Put it this way: We went to the 7:15 showing tonight. At 7:15, the lights went down, we watched some ads, about a zillion trailers for indie films (a lot more than I remember seeing normally), then we watched the Hotel Chevalier short, which Wes shot in a few days with Natalie Portman and Jason Schwartzman and then edited on his own computer. It served as a prologue of sorts to the feature presentation, which was comprised of many of these short story moments. So many little vignettes, so many mini story arcs within the main one that, as Carolyn noted, you could take one out of the film and it'd work on its own separately. (Wes understood this because he uses one of his favorite devices, the slow-motion walk set to music which usually signifies the end of a story, at least three times through the course of the film.)
But that's not the real magic trick. Sticking little stories to one big one isn't such a magic trick. What is, however, is the journey you take along with Schwartzman, Owen Wilson and Adrien Brody. You may not be on the same spiritual journey as they claim to be, but you gamely go along for the ride. And the journey takes forever. The problem with so many short stories playing themselves out here is that every time one ends, you think it's the end of the film as well. So you get quite a few codas before what is ultimately quite a satisfying ending considering all you've been through, complete with the visual metaphor you've been waiting for since you noticed that certain device waaaaaaaaaaaay back when.
And the magic trick? Well, remember how I said we started the previews and then the short at 7:15? The film ended, I sat through the full credits (and if someone can get me an original copy of Joe Dassin's "Les Champs-Élysées", as iTunes won't let me download anything but cover songs of this tune unless I buy the entire Darjeeling soundtrack and I don't want to, I'd love ya forevs) and once everything was over and the ushers started cleaning the aisles, I got up and turned my cellphone back on.
It wasn't even 9:15 yet.
So that's the magic trick.

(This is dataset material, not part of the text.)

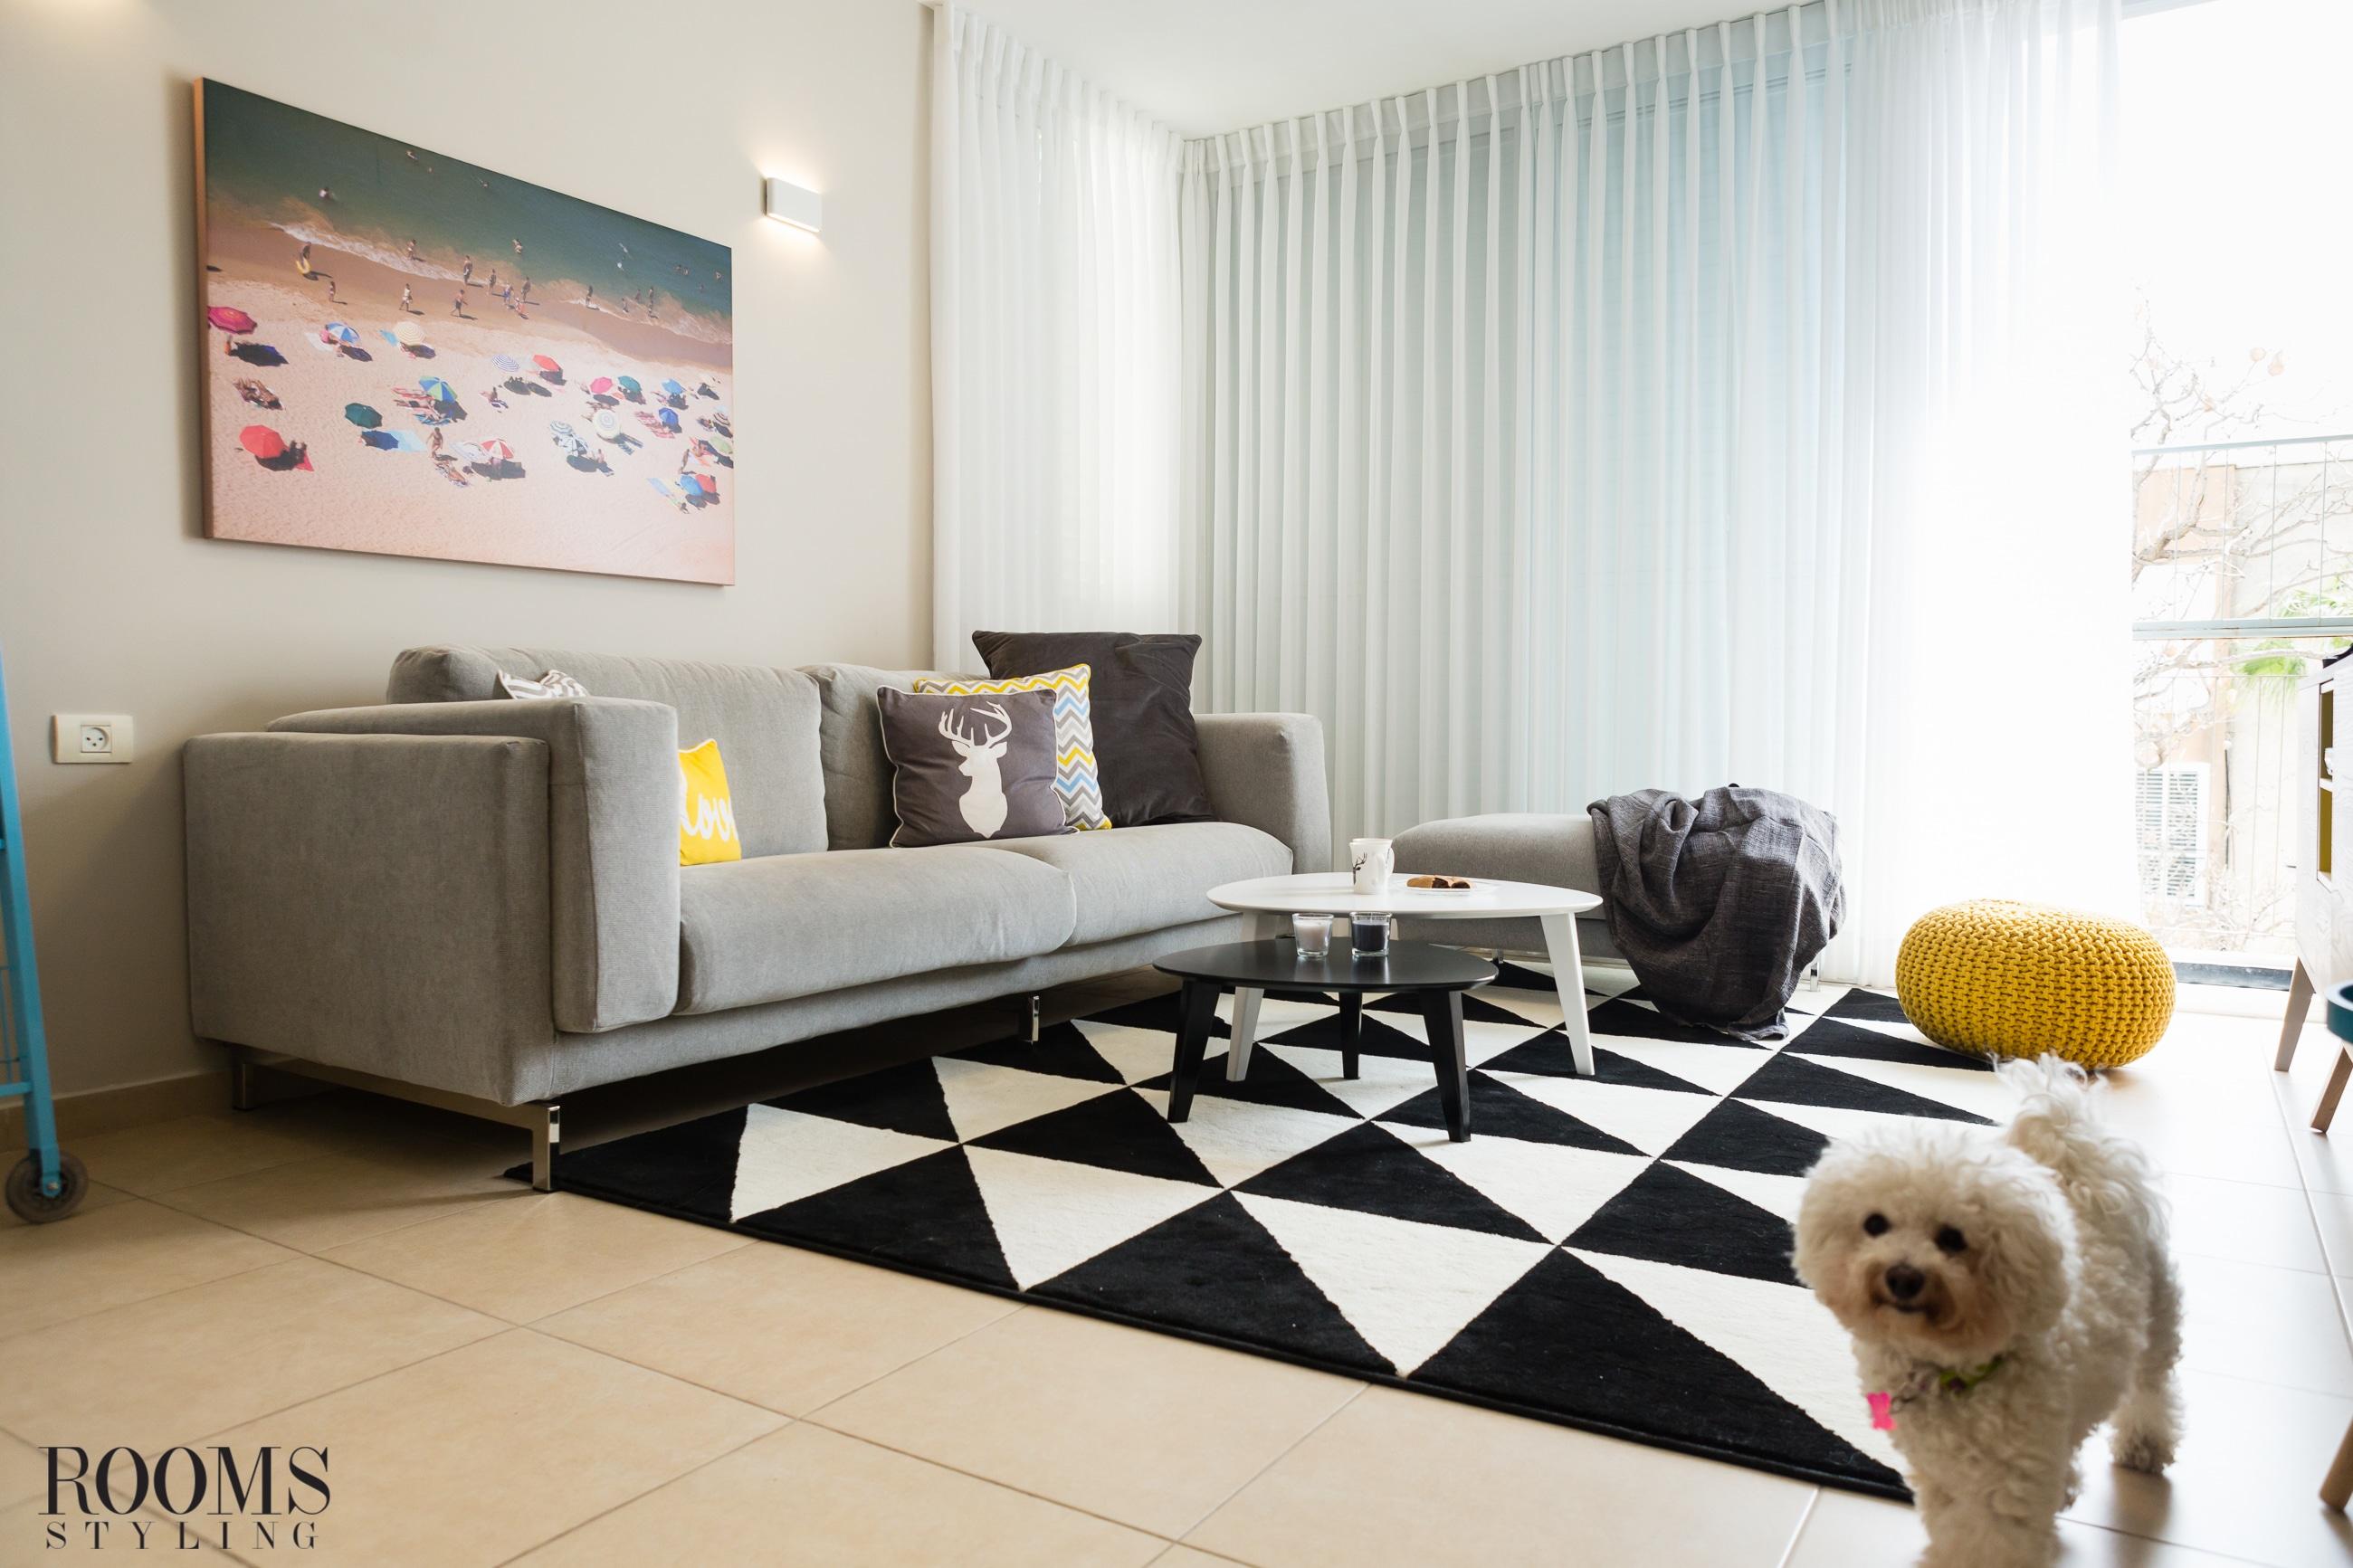 הום סטיילינג לסלון מודרני בדירה בהרצליה

Wes Anderson was able to make an incredibly long movie, an amazingly long movie, one which really amplifies the long journey taken on the train (and did I mention the absolutely beautiful train sets? And the absolutely beautiful natural landscape of India? And the absolutely beautiful cinematography? And the rich, saturated colors?) and left you feeling as tired out as you would after a journey of such great length, in a 91-minute run time.
No, seriously. Check it out on IMDB. It's an hour and a half long. And it feels twice that.

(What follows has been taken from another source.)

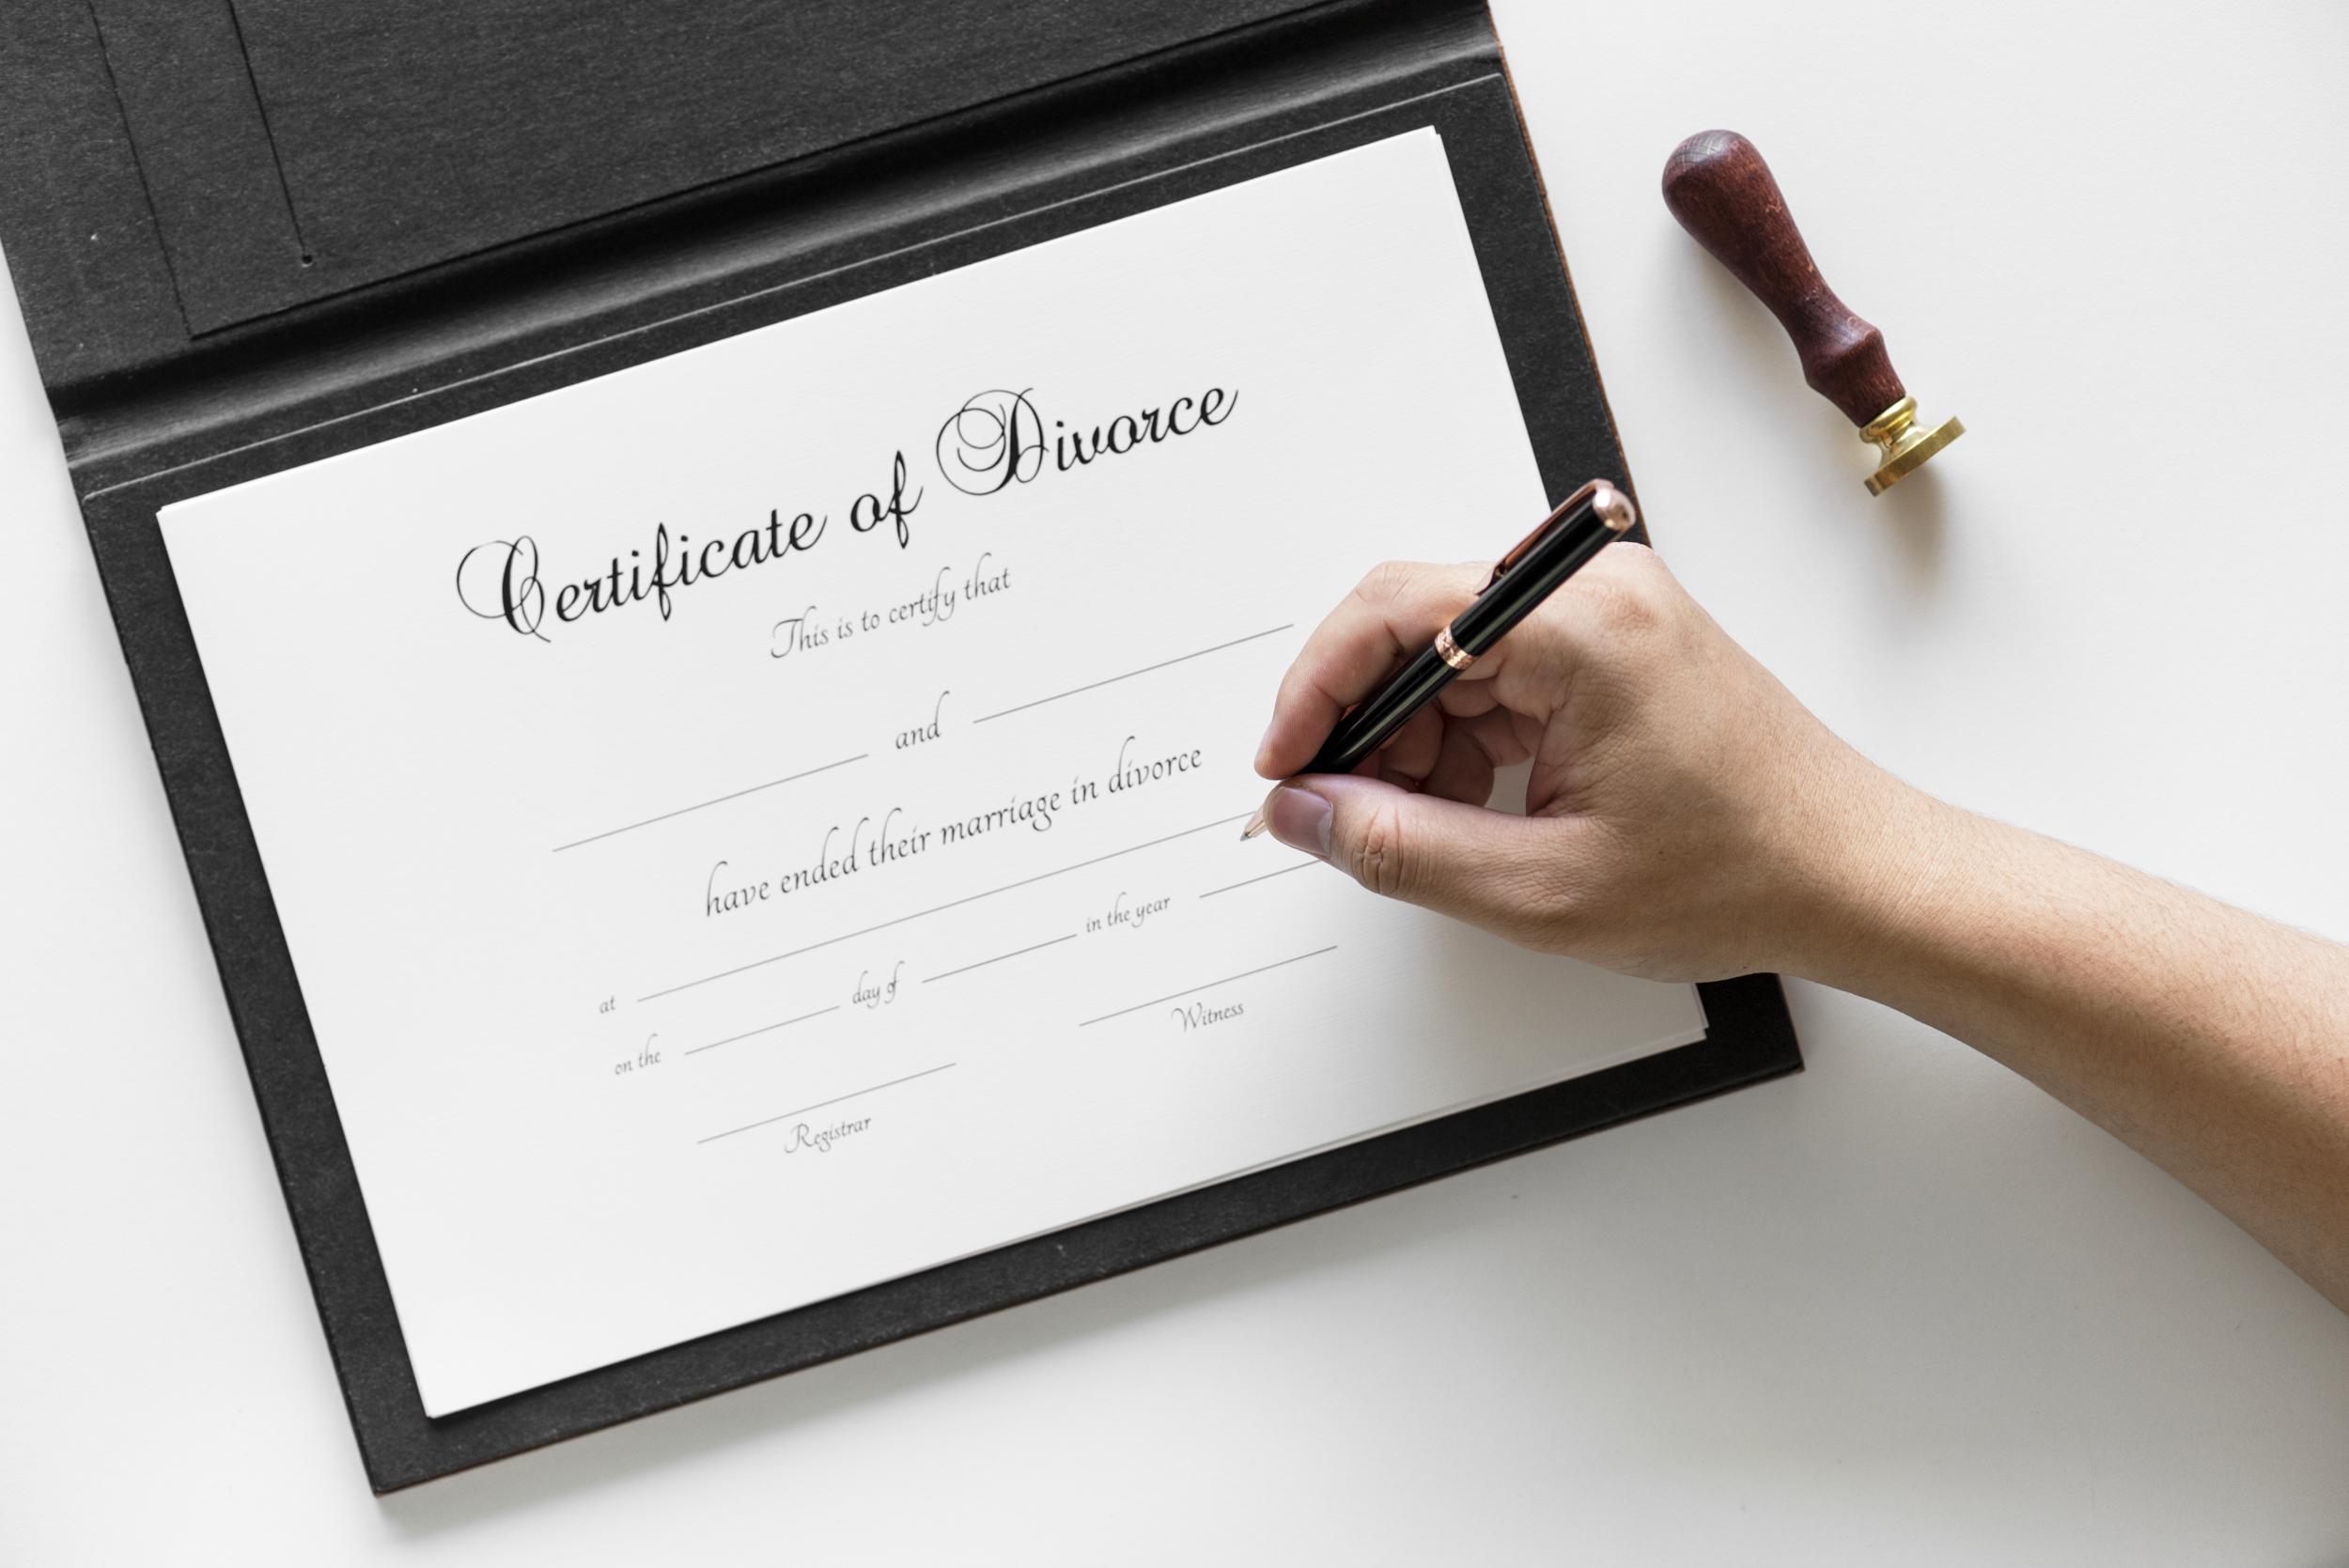 Certificate of Divorce

This is both a good thing and a bad thing, really. The good is that the pacing is such that you really do get to savor the beauty of the meticulously-prepared scenes, the truly emotional-yet-detached moments which Anderson loves (Anjelica Huston's scenes are a perfect example, and done quite well) and the long shots of the wide-open countryside which serve as perfect contrast to the tight shots of the claustrophobic train corridors. The camera lingers when necessary, even over slow dolly shots (hey, it's on tracks, too) which just keep on going.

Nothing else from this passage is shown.